■ Data block

- - - - -

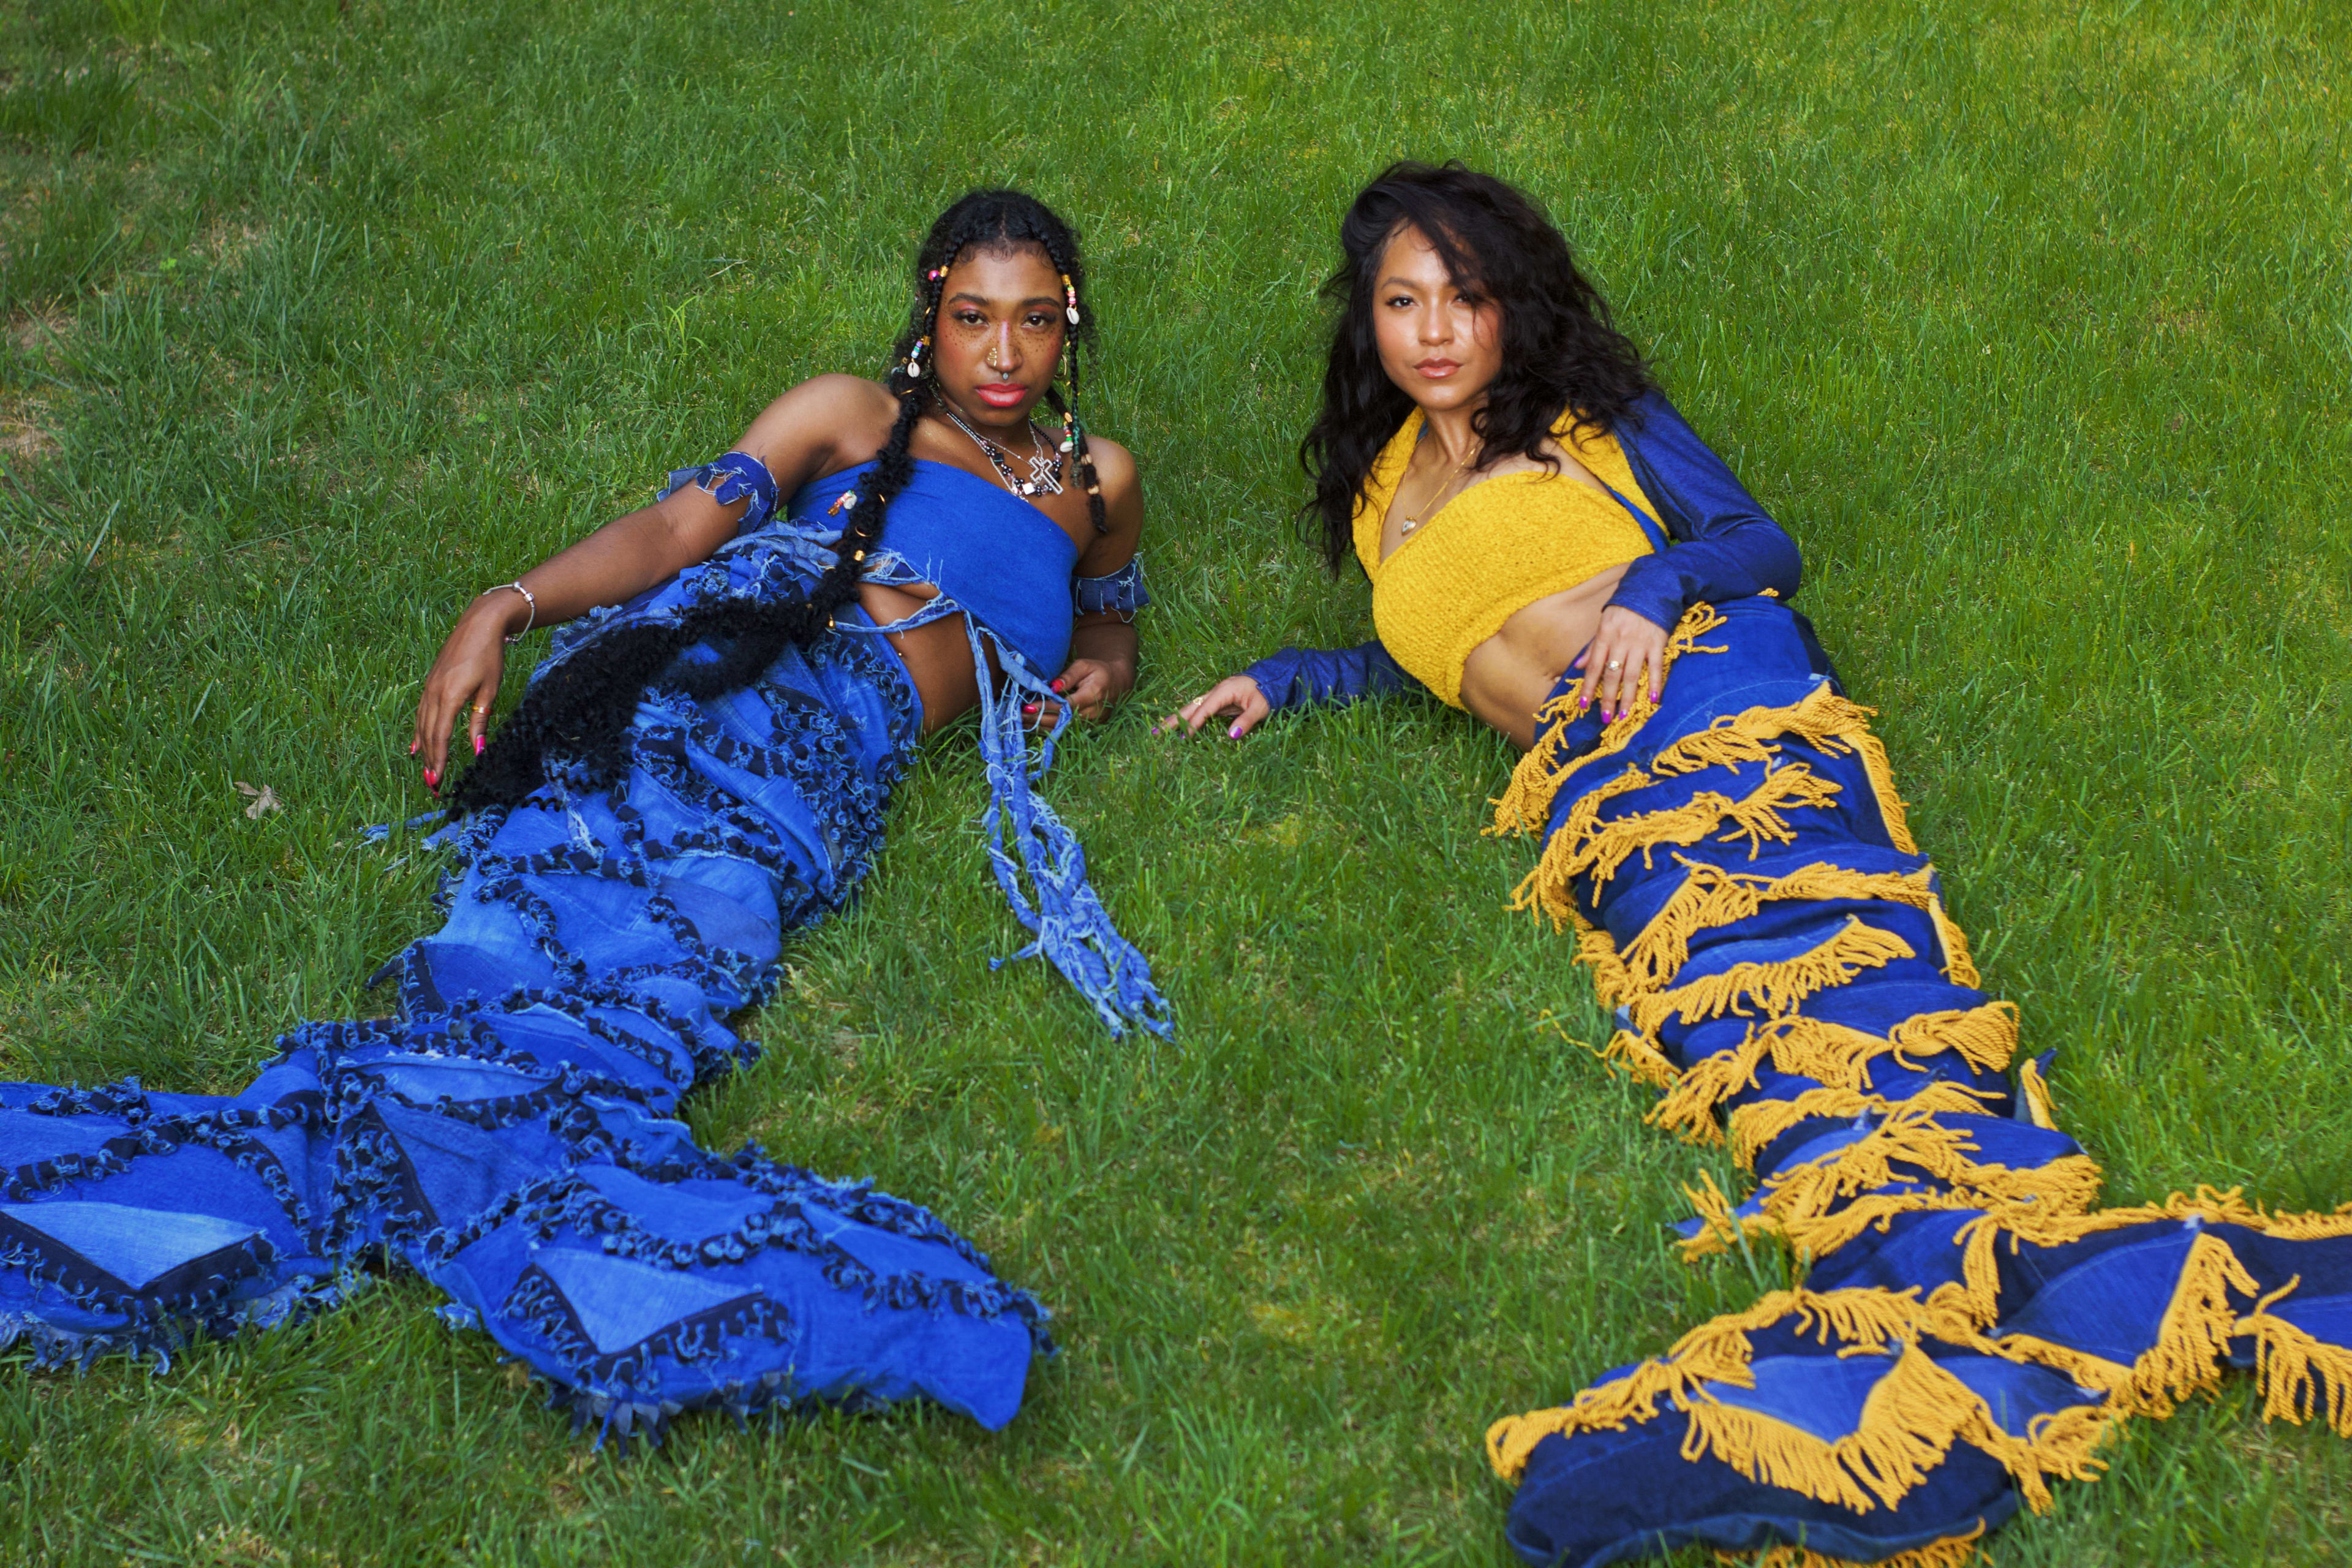 Two women in mermaid costumes in a green outdoor garden laying on the grass next to each other.
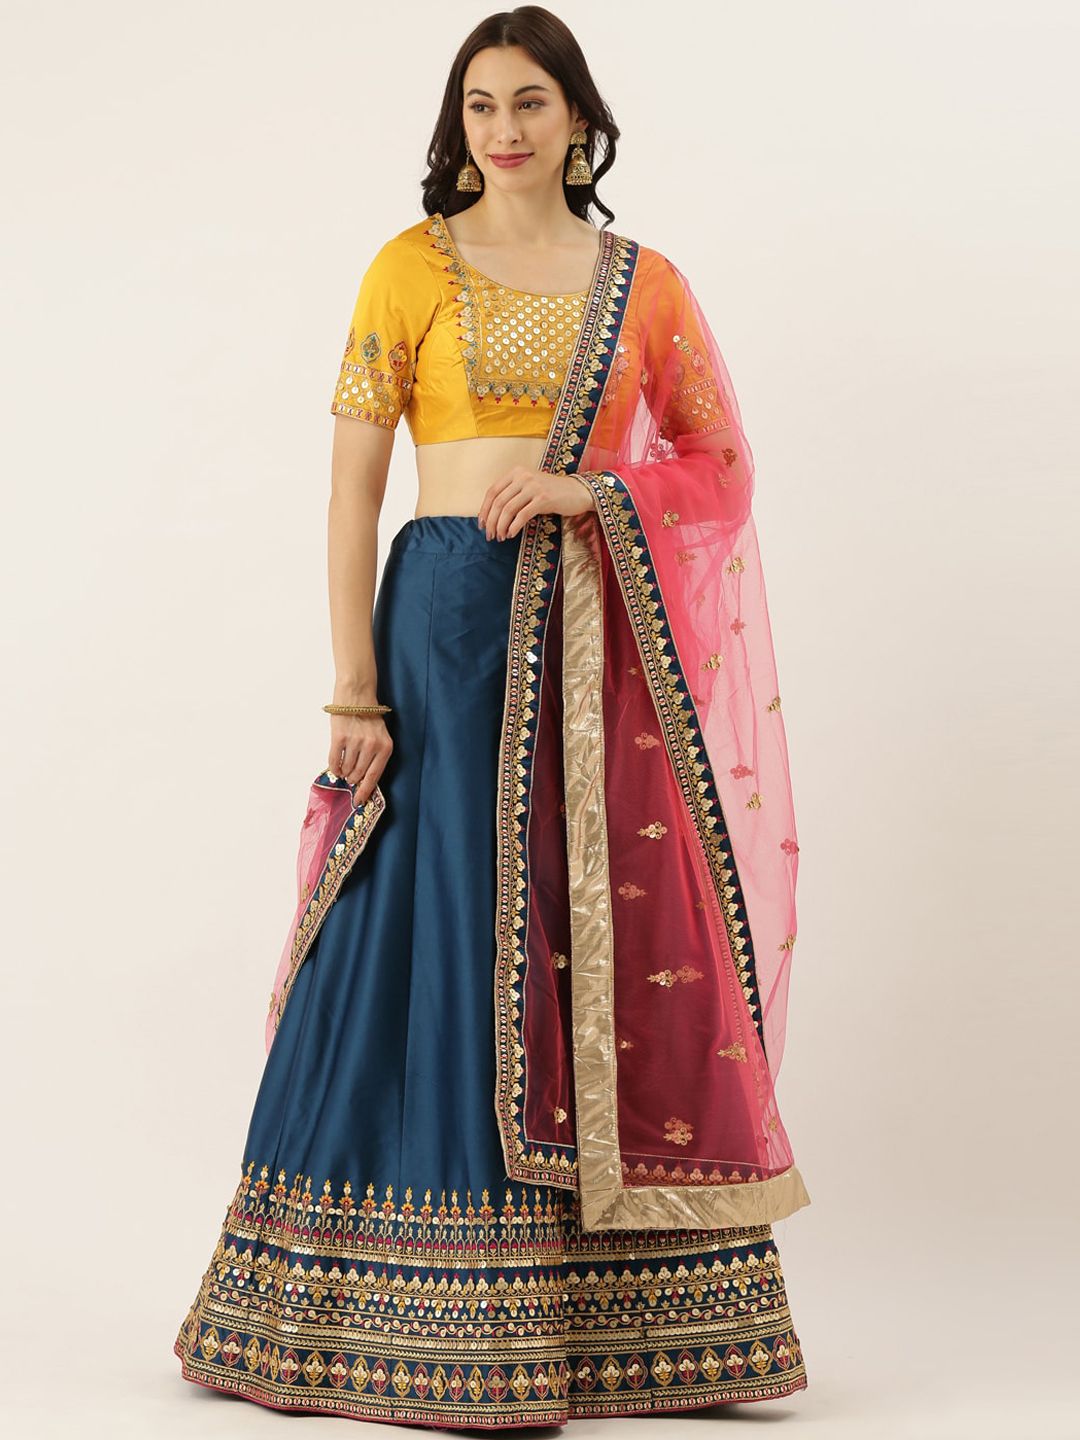 panchhi Navy Blue & Yellow Embellished Semi-Stitched Lehenga & Unstitched Blouse with Dupatta Price in India
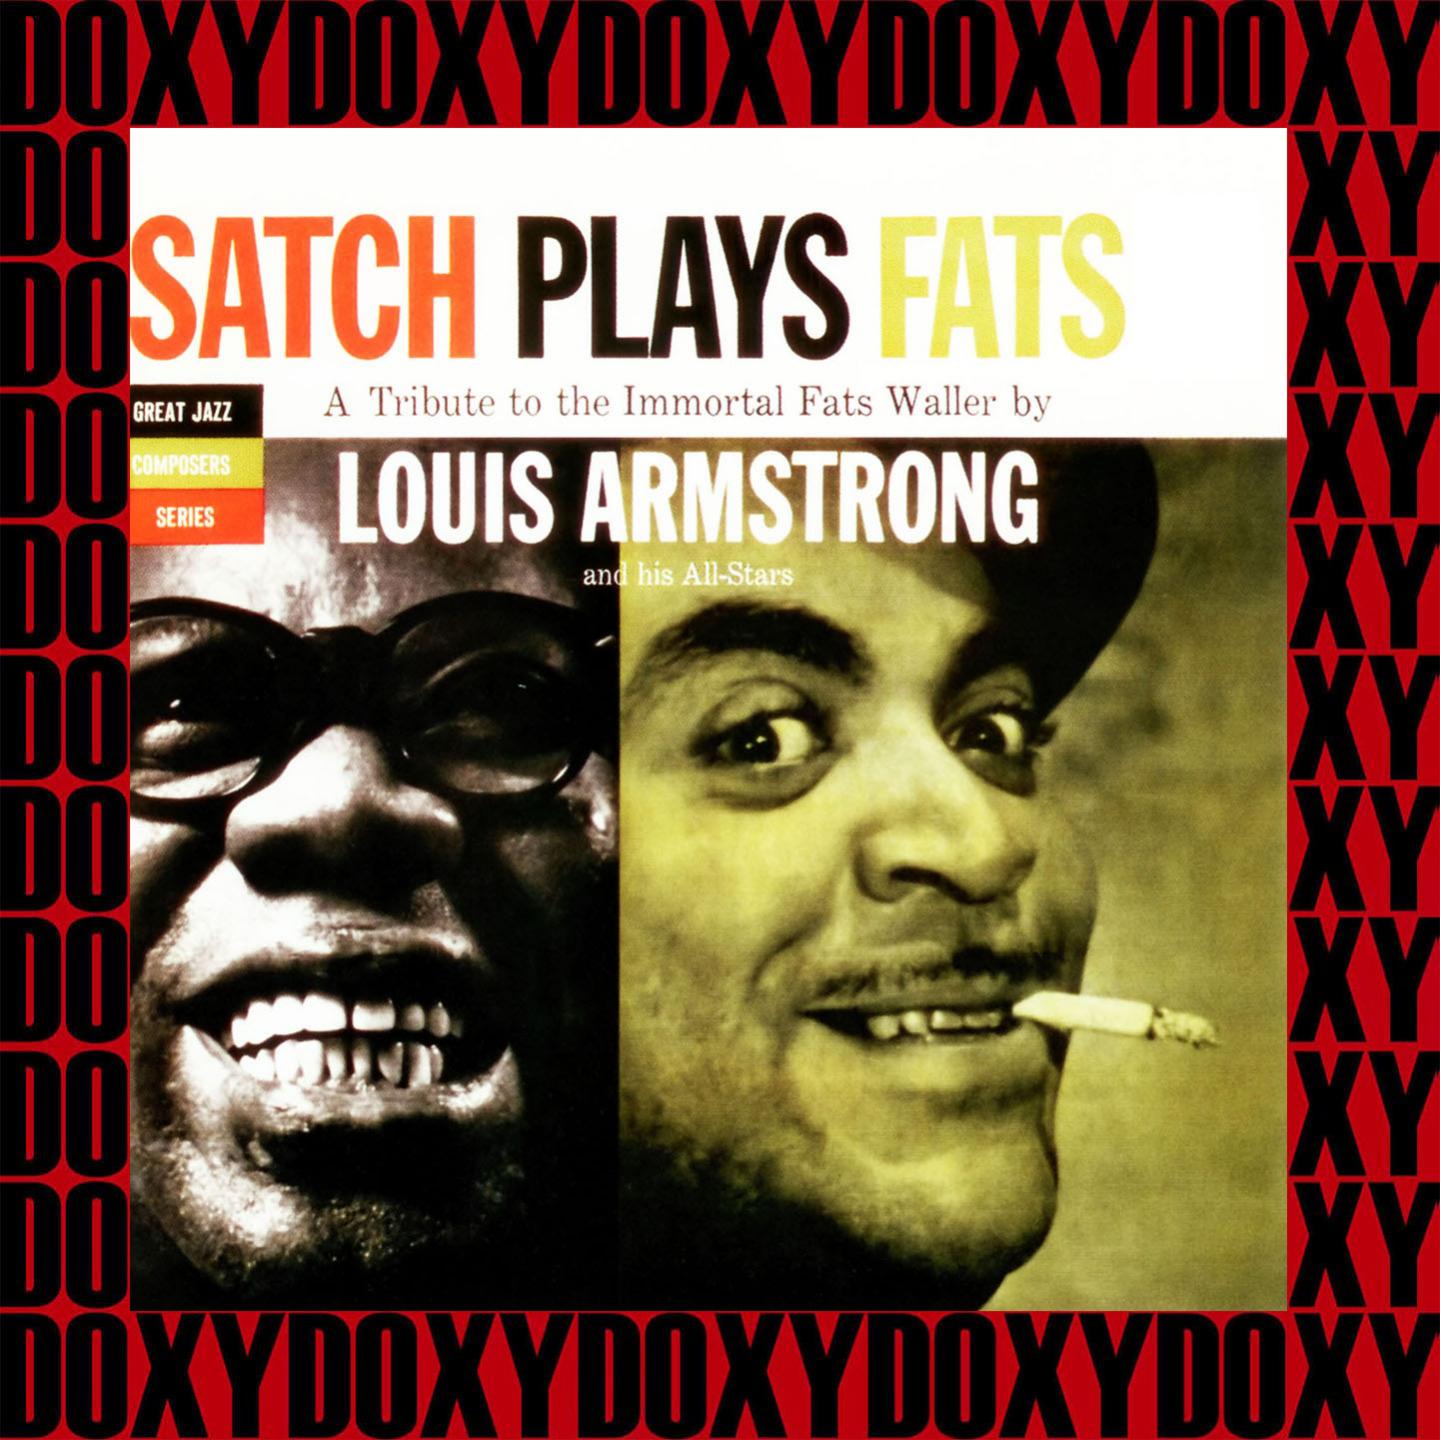 Satch Plays Fats, A Tribute To The Immortal Fats Waller (Expanded, Great Jazz Composers, Remastered Version) (Doxy Collection)

- - - - -

■ Instructions to follow
Once the pictures are set aside, repeat the remaining data word for word.

■ Response
 Two women in mermaid costumes in a green outdoor garden laying on the grass next to each other.
 panchhi Navy Blue & Yellow Embellished Semi-Stitched Lehenga & Unstitched Blouse with Dupatta Price in India
 Satch Plays Fats, A Tribute To The Immortal Fats Waller (Expanded, Great Jazz Composers, Remastered Version) (Doxy Collection)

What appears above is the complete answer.